Wie wollen Sie die Bevölkerung angesichts der komplexen Fragestellung mitnehmen, wenn es zu einer Volksabstimmung kommt?

Die Schweiz hat heute mit der EU rund 120 bilaterale Verträge, die haben immer gut funktioniert. Solange wir die bilateralen Verträge weiterführen können, müssen wir das tun. Sie sind heute immer noch der Königsweg für die Zusammenarbeit mit der EU. Eine Mitgliedschaft in der EU hätte im Moment keine Mehrheit in der Schweizer Bevölkerung.

Die bilateralen Verträge aber schon?

Sämtliche Abstimmungen über die bilateralen Verträge wurden von einer Mehrheit der Schweizer Bevölkerung akzeptiert. Aktuelle Umfragen zeigen, dass der Rückhalt auch heute immer noch gross ist. Bei diesem Verhandlungsmandat geht es darum, die bilateralen Verträge möglichst gut, rechtssicher und stabil in die Zukunft zu bringen. Dafür brauchen wir auch Unternehmen, die aufzeigen, wie wichtig die bilateralen Verträge für sie sind. Diese Stimmen fehlen mir aktuell. Ein geregeltes Verhältnis zur EU hilft vor allem auch den KMU, denn die Grossen können sich in der Regel organisieren. Schade, dass auch in den Medien fast nur über die Risiken, statt über die Chancen der Bilateralen gesprochen wird.

«Die EU wird uns im einen oder anderen Fall noch entgegenkommen können. Die Schweiz muss auch noch über den einen oder anderen Schatten springen. »

Die SVP werden Sie damit nicht überzeugen.

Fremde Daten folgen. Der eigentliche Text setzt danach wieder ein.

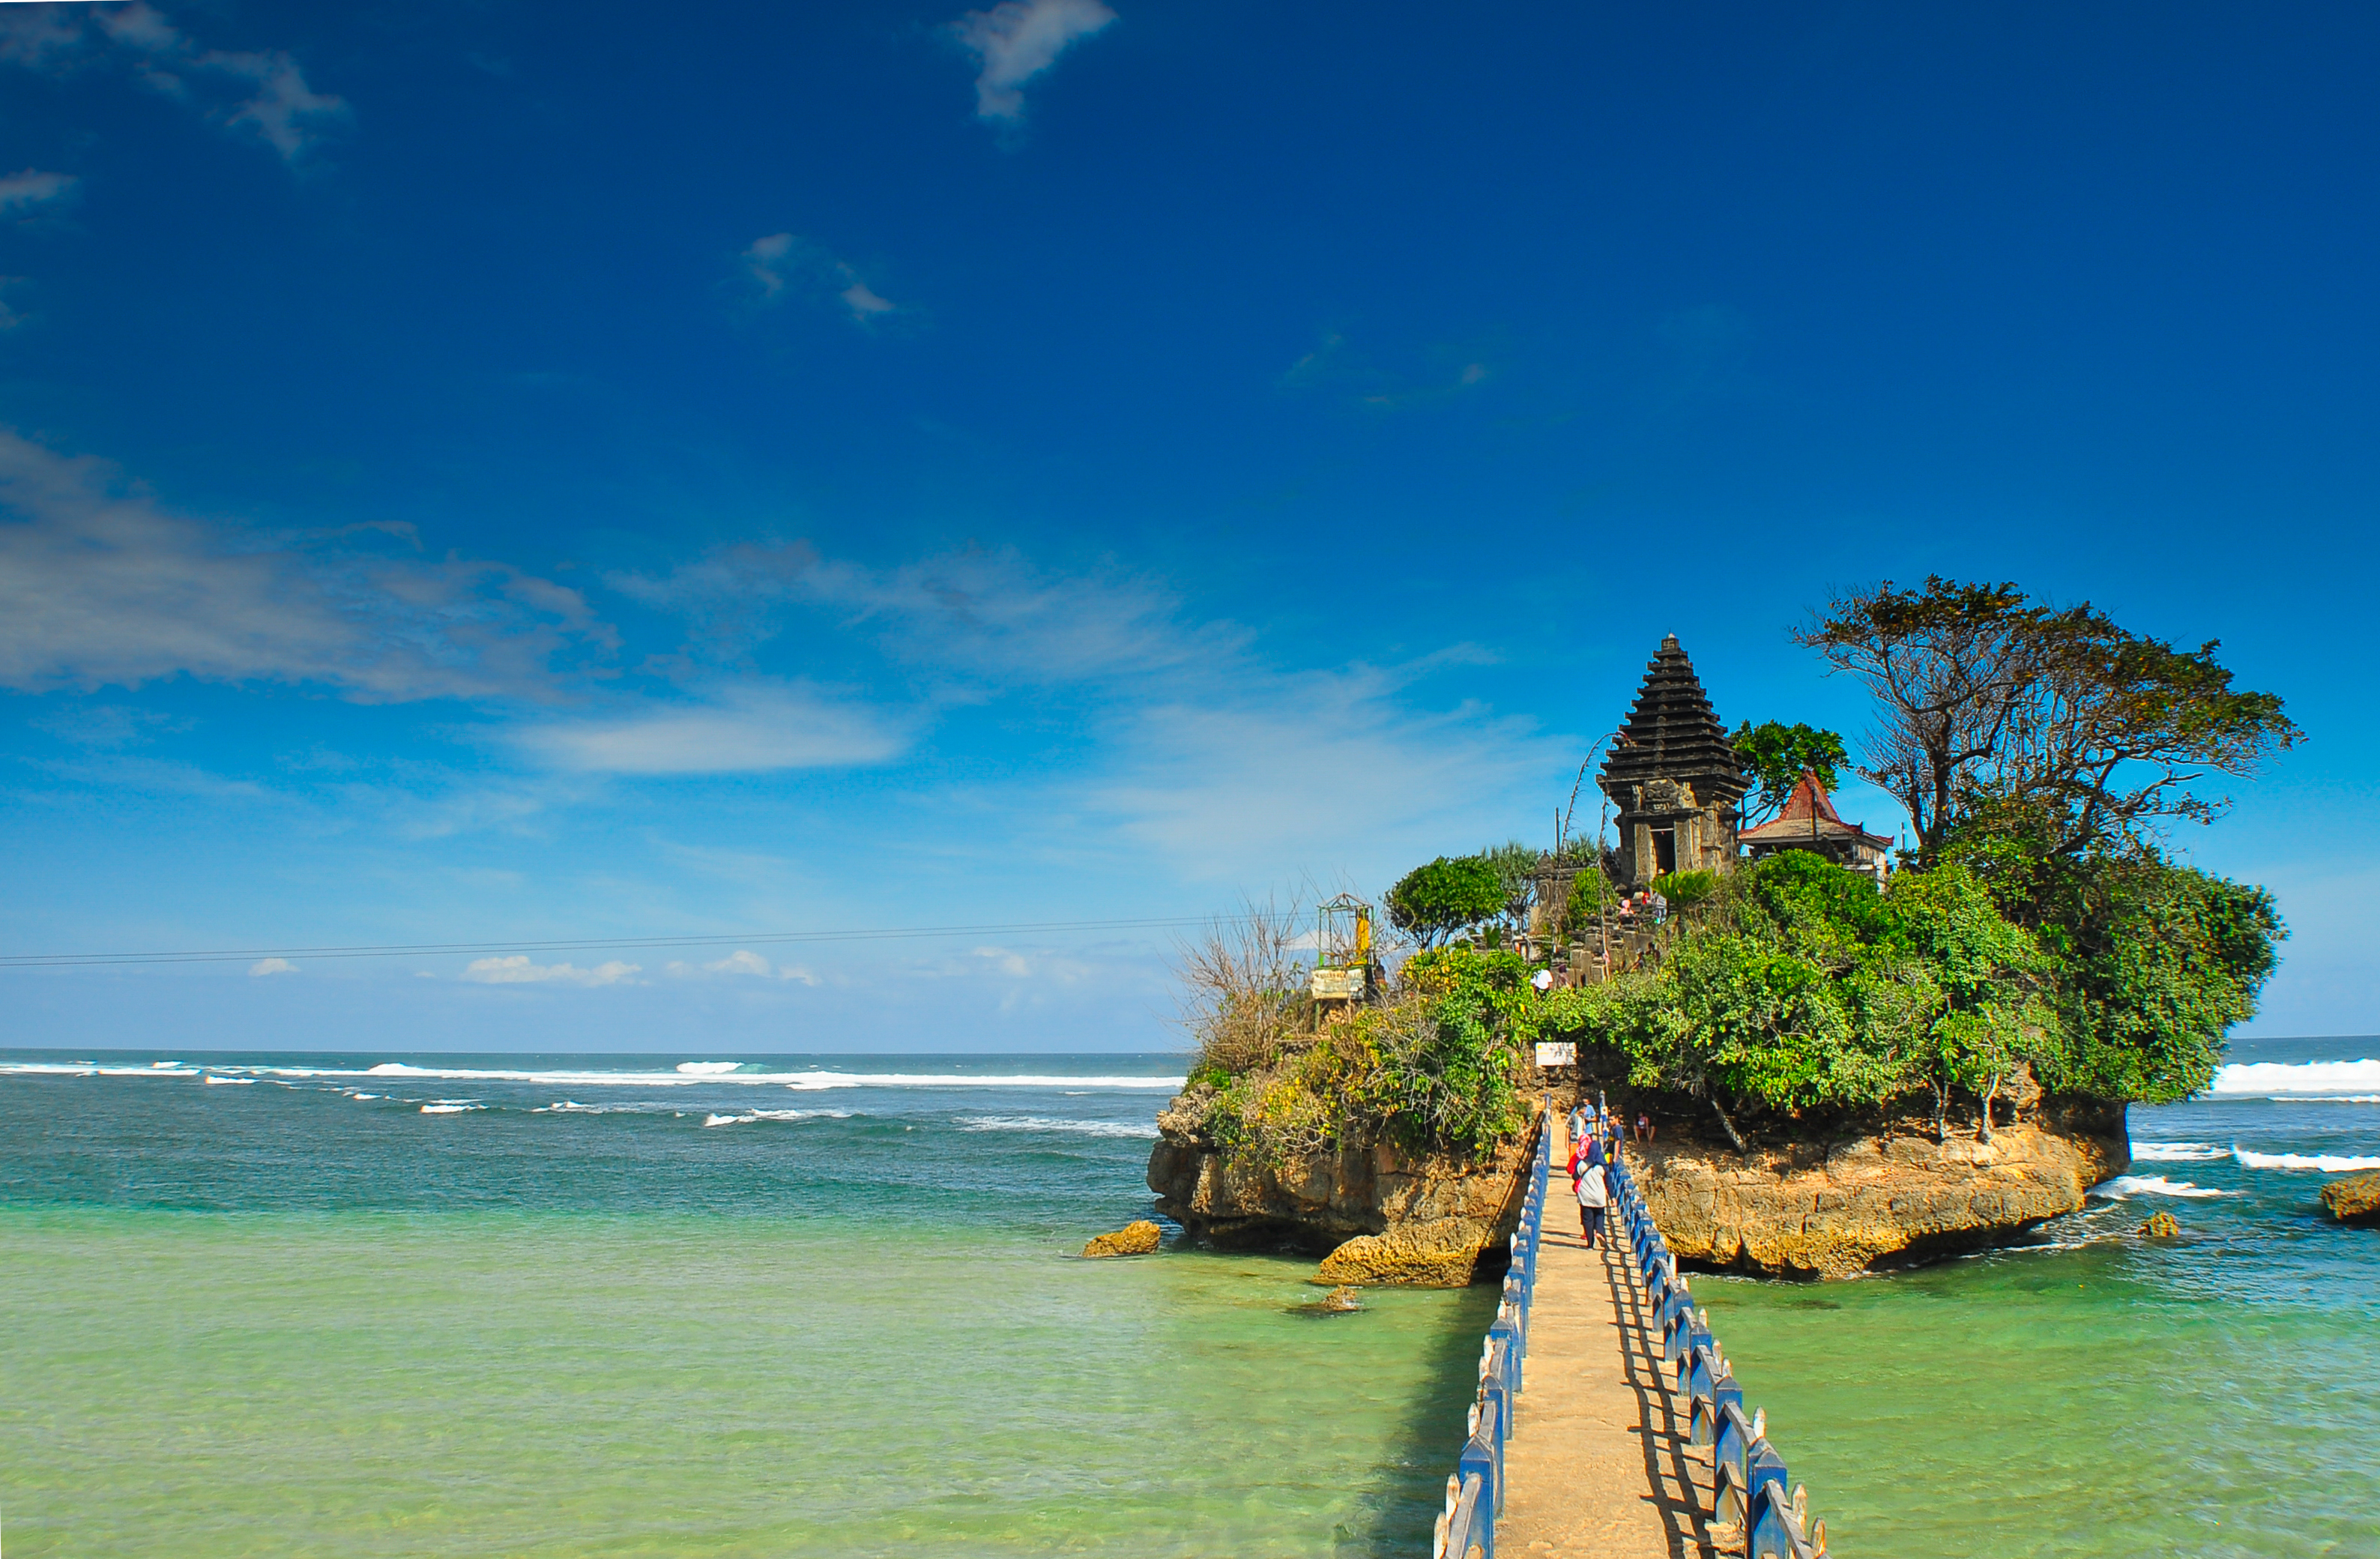 Pesona Pantai Balekambang Malang Tanah Lot Jawa Eksotis Kab

Eigentlich ist es schade, weil die SVP bzw. Herr Blocher nach der Ablehnung des Beitritts zum Europäischen Wirtschaftsraums EWR 1992 die bilateralen Verträge als Königsweg kreiert hat. Jetzt hat sich die SVP von der Weiterentwicklung der bilateralen Verträge verabschiedet und ist der Meinung, dass man viel mehr mit Asien und den USA zusammenarbeiten soll. Aber der europäische Binnenmarkt ist für unsere Unternehmen, vor allem in unserer Grenzregion, immer noch der grösste.

Würden Sie die Zeit gern zurückdrehen und die EWR-Abstimmung wiederholen?

Die Abstimmung 1992 hat mich politisiert. Ich bin der festen Überzeugung: Wenn wir Mitglied im EWR wären, hätten wir jetzt diese ganzen Diskussionen nicht.

Glauben Sie, der Basler Bundesrat Beat Jans kann auch etwas beim EU-Dossier bewegen?

Ja, ich bin sehr froh, dass Beat Jans als Departementsvorsteher des EJPD im Europaausschuss ist. Er kennt die Region Basel und die grenzüberschreitende Zusammenarbeit. Er wird im Bundesrat eine starke Stimme sein.

Glauben Sie also an einen Kompromiss?

Wenn man als Politikerin nicht optimistisch ist und nicht an das Gute glaubt, dann kann man keine Ziele erreichen. Die EU wird uns im einen oder anderen Fall noch entgegenkommen können. Die Schweiz muss auch noch über den einen oder anderen Schatten springen.